Apareceu de súbito na entrada daquele cubículo.
A surpresa foi mútua.
O homem que esperava ver surgir Mohamed viu chegar
uma branca aparição desconhecida. E Baby, que contava
encontrar outro árabe, viu, sentado num catre, um homem
branco, atlético, ruivo, nu da cintura para cima.
Os dois saíram ao mesmo tempo de sua surpresa. E ao
mesmo tempo reagiram. O homem saltou para o tamborete
onde estava um coldre que continha uma pistola e seus
dedos cravaram-se em sua culatra. Baby encontrou muito
menos dificuldade em sua reação; teve apenas que apertar
o gatilho.
Plop.
Ele recebeu a bala na têmpora esquerda, caiu sobre o
tamborete e ficou estendido de costa. Durante uns
segundos, Brigitte permaneceu imóvel, olhos fixos no
cadáver.
Finalmente aproximou-se e fixou aqueles olhos azuis,
arregalados numa expressão de imensa surpresa.
Estava certa de que não havia mais nenhum inimigo
naquela casa, de modo que chamou: — Moussa... Moussa!
— Di-diga, madame... — o marroquino apareceu no
umbral.
— Procure os outros dois pela casa. Vamos.
— Oui-oui, madame!
Ele desapareceu do umbral e Baby foi até o tamborete,
onde estavam as roupas do homem branco. Desdenhou a
pistola e dedicou-se a procurar nos bolsos. As roupas eram
de má qualidade e velhas, como convinha a quem não
quisesse chamar muita atenção, se frequentasse a Kasbah.
Encontrou o rádio de bolso, dinheiro, alguma munição,
cigarros, fósforos, documentos com o nome de Pierre
Latour... Documentos falsos, naturalmente. Ela podia farejar
um agente do MVD de Washington a Moscou.
— Madame, eu... eu encontrei.
Virou-se como um raio e Moussa tornou a sobressaltar-se.
Viu apontar para a direita e caminhou para lá, atrás dele.
Ao fundo, havia uma porta muito grossa, que
evidentemente o marroquino havia aberto.
Quando entrou, encontrou-se num quarto de quatro
escassos metros quadrados. Em frente à entrada,
amarrados a grossas pranchas sujas de sangue, como
animais imundos, viu dois homens. Estavam quase nus e
tinham sangue seco por toda parte. Seus cabelos formavam
uma pegajosa massa devido aos coágulos de sangue e seus
rostos tumefactos estavam cheios de equimoses. Tinham os
olhos quase fechados. Uns olhos que brilhavam mortiços,
através das pálpebras inflamadas, fixos naquela branca
aparição. Uns olhos que mal se viam, mas o suficiente para
poder distinguir-se no fundo de suas pupilas a expressão de
terror, de espanto infinito.
Brigitte aproximou-se lentamente, ajoelhou-se diante
deles e retirou o véu que ocultava a metade de seu rosto.
Depois tirou o capuz e, por último, as lentes de contato.
Então o azul maravilhoso de seus olhos resplandeceu.
Os dois homens viram o belíssimo rosto moreno diante
deles. E ouviram a doce voz: — Que tal se formos dar um
bonito passeio, rapazes?
Uma luz de esperança apareceu naqueles olhos que a
fitavam.
— Baby? — murmurou una deles, num tom de absoluto
assombro.
— Você não deveria surpreender-se, Johnny... — sorriu
ela. — Desde quanto eu abandono meus rapazes?

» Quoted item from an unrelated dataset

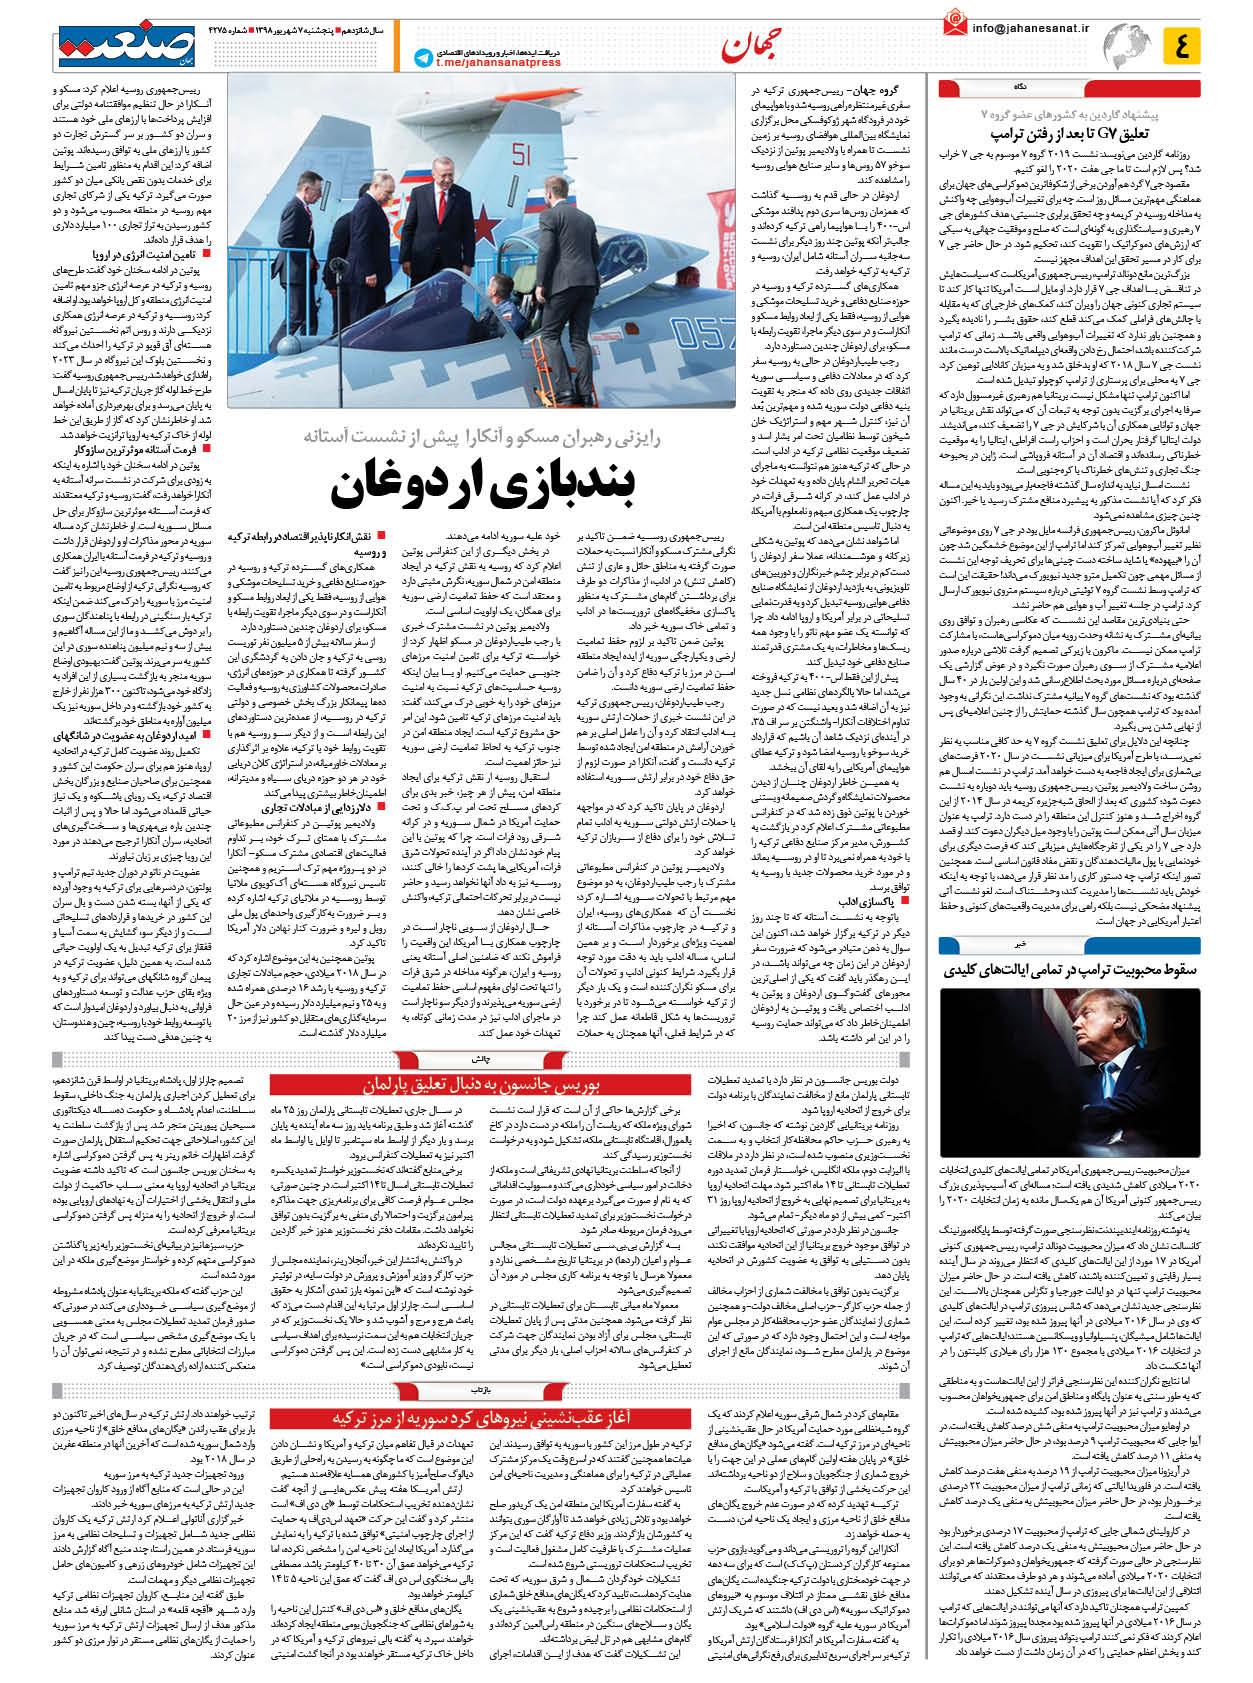 صفحه ۰۴ – ۰۷ شهریور ۱۳۹۸

Johnny-Madri tinha levado o carro para perto da saída da


Kasbah, de acordo com as instruções de Baby, e quando viu
aparecer quatro pessoas em vez de duas, lançou uma
exclamação de incredulidade. Pôs o motor em marcha e,
apeando rapidamente, foi ao encontro dos que chegavam
Duas daquelas pessoas já conhecia, certamente. As outras
duas vestiam velhas camisolas muito pequenas para sua
estatura, mas que arrastavam pelo, chão, pois curvavam-se
muito para frente, parecendo que só se podiam conserva:
de pé devido à ajuda que recebiam. E quando viu os rostos
daqueles dois, ao ajudá-los a entrar no carro, sentiu um
arrepio percorrer-lhe a coluna vertebral.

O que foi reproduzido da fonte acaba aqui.